-
Notifications
You must be signed in to change notification settings - Fork 1.3k
BigQuerySource.get_table_query_string() silently ignores query when table is also set #6200
Description
Summary
When both table and query are provided to BigQuerySource, get_table_query_string() always returns table, silently ignoring query. This makes it impossible to use a custom query (e.g., for deduplication) on a PushSource batch source, since PushSource requires table for offline writes via offline_write_batch().
Expected Behavior
When both table and query are set on a BigQuerySource:
- Reads (
get_table_query_string()) should usequery— it's more specific and intentionally provided - Writes (
offline_write_batch()) should continue using.tabledirectly as the write destination
Current Behavior
get_table_query_string() in bigquery_source.py always prefers table:
def get_table_query_string(self) -> str:
if self.table:
return f"`{self.table}`"
return f"({self.query})"This means any custom query (e.g., deduplication logic) is silently ignored when table is also present.
Use Case
Streaming (push) sources often produce duplicate rows in BigQuery.
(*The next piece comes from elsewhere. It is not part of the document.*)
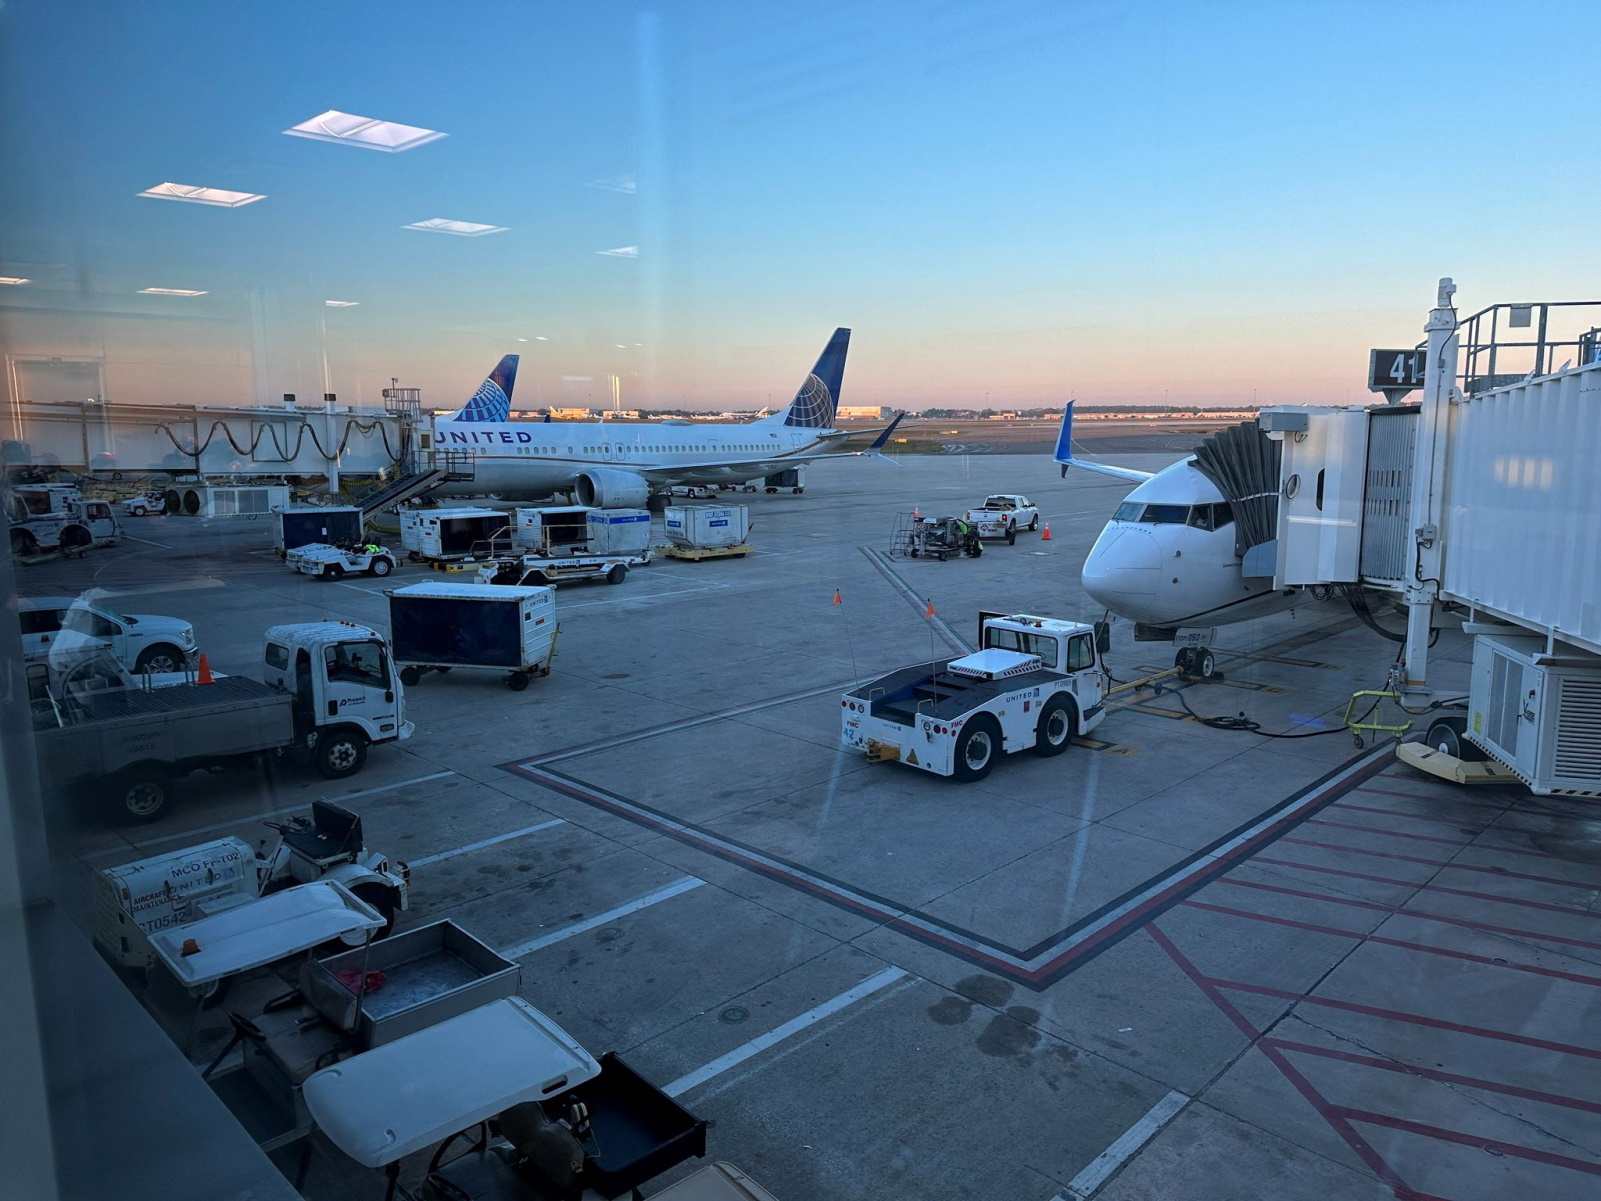 ΗΠΑ: «Ένας φάκελος δεδομένων προκάλεσε το χάος με τις πτήσεις» λέει η FAA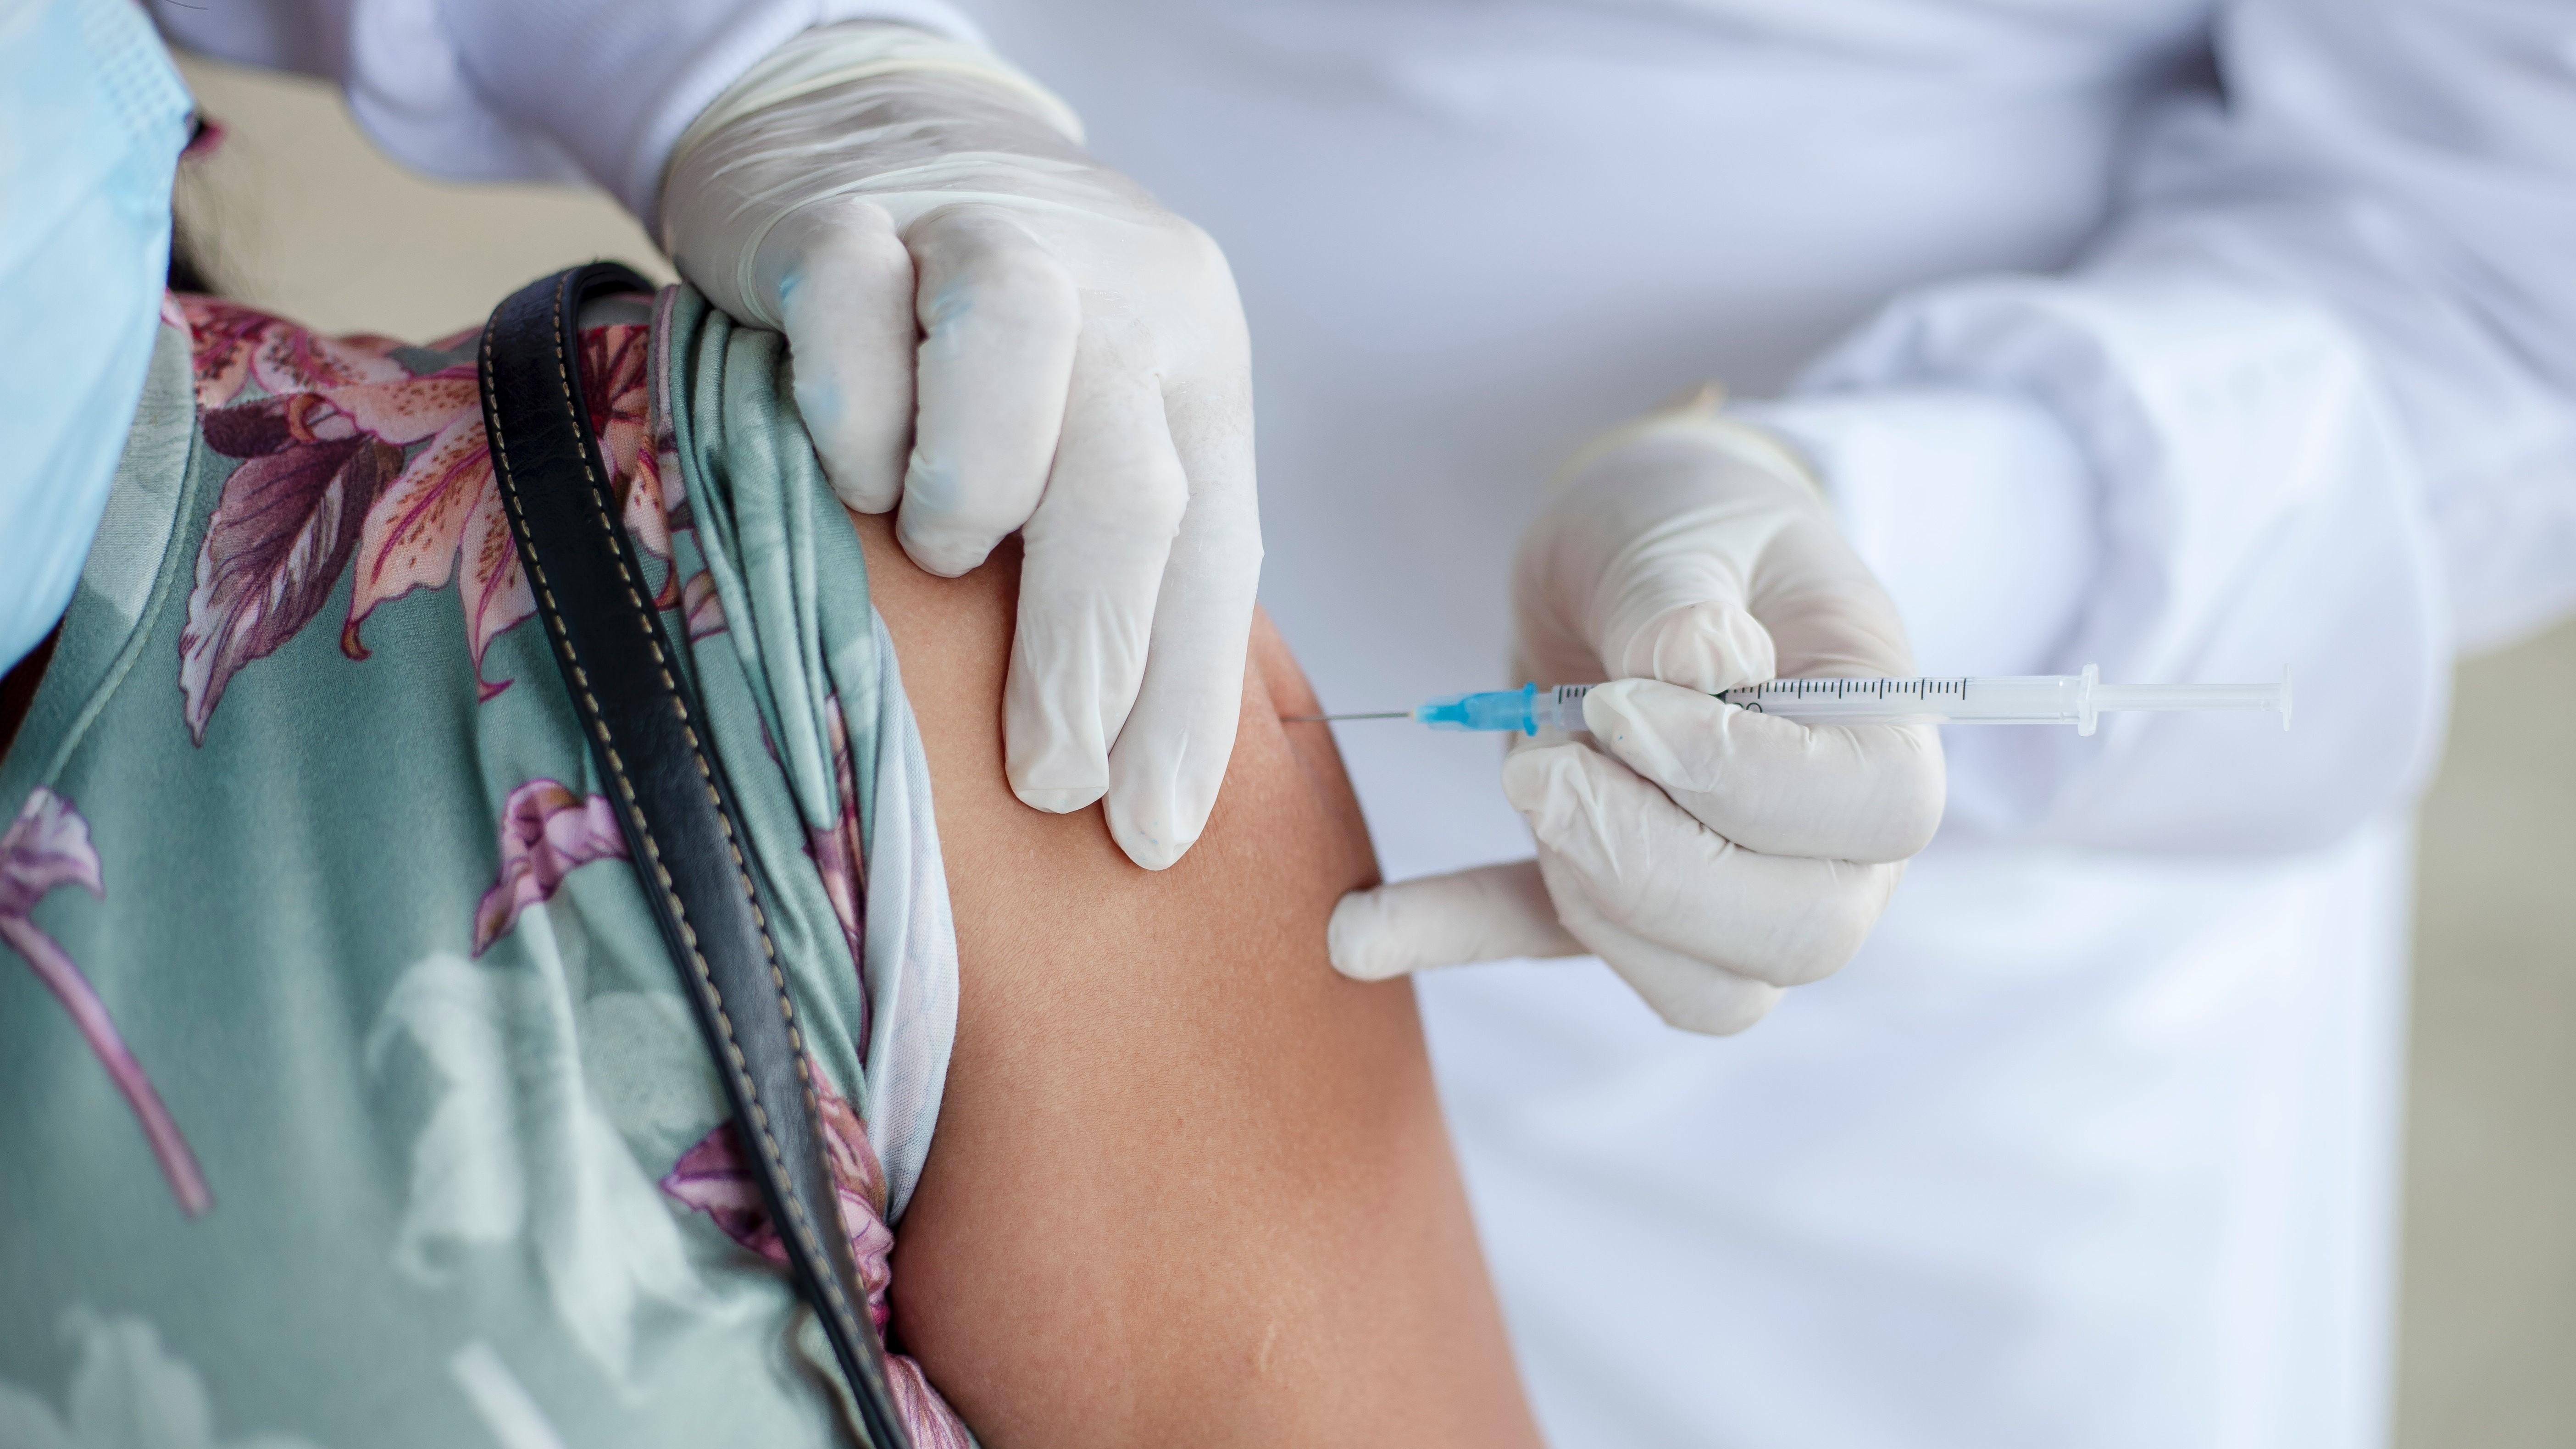 Garance odškodnění za újmu po očkování proti covidu-19 byla falešným vzbuzením důvěry

The natural solution is:
batch_source = BigQuerySource(
name="my_batch_source",
table="project.dataset.my_table", # needed for push writes
query="""
SELECT * FROM `project.dataset.my_table`
QUALIFY ROW_NUMBER() OVER (PARTITION BY entity_id, event_time) = 1
""", # needed for deduplicated reads
timestamp_field="event_time",
)
push_source = PushSource(name="my_source", batch_source=batch_source)But because get_table_query_string() ignores query when table is set, reads return duplicates. And removing table to force query usage breaks offline_write_batch(), which accesses .table directly (bigquery.py:449).
Environment
- Feast version: 0.58.0 (also confirmed unresolved on 0.61.0 / current main)
- Offline store: BigQuery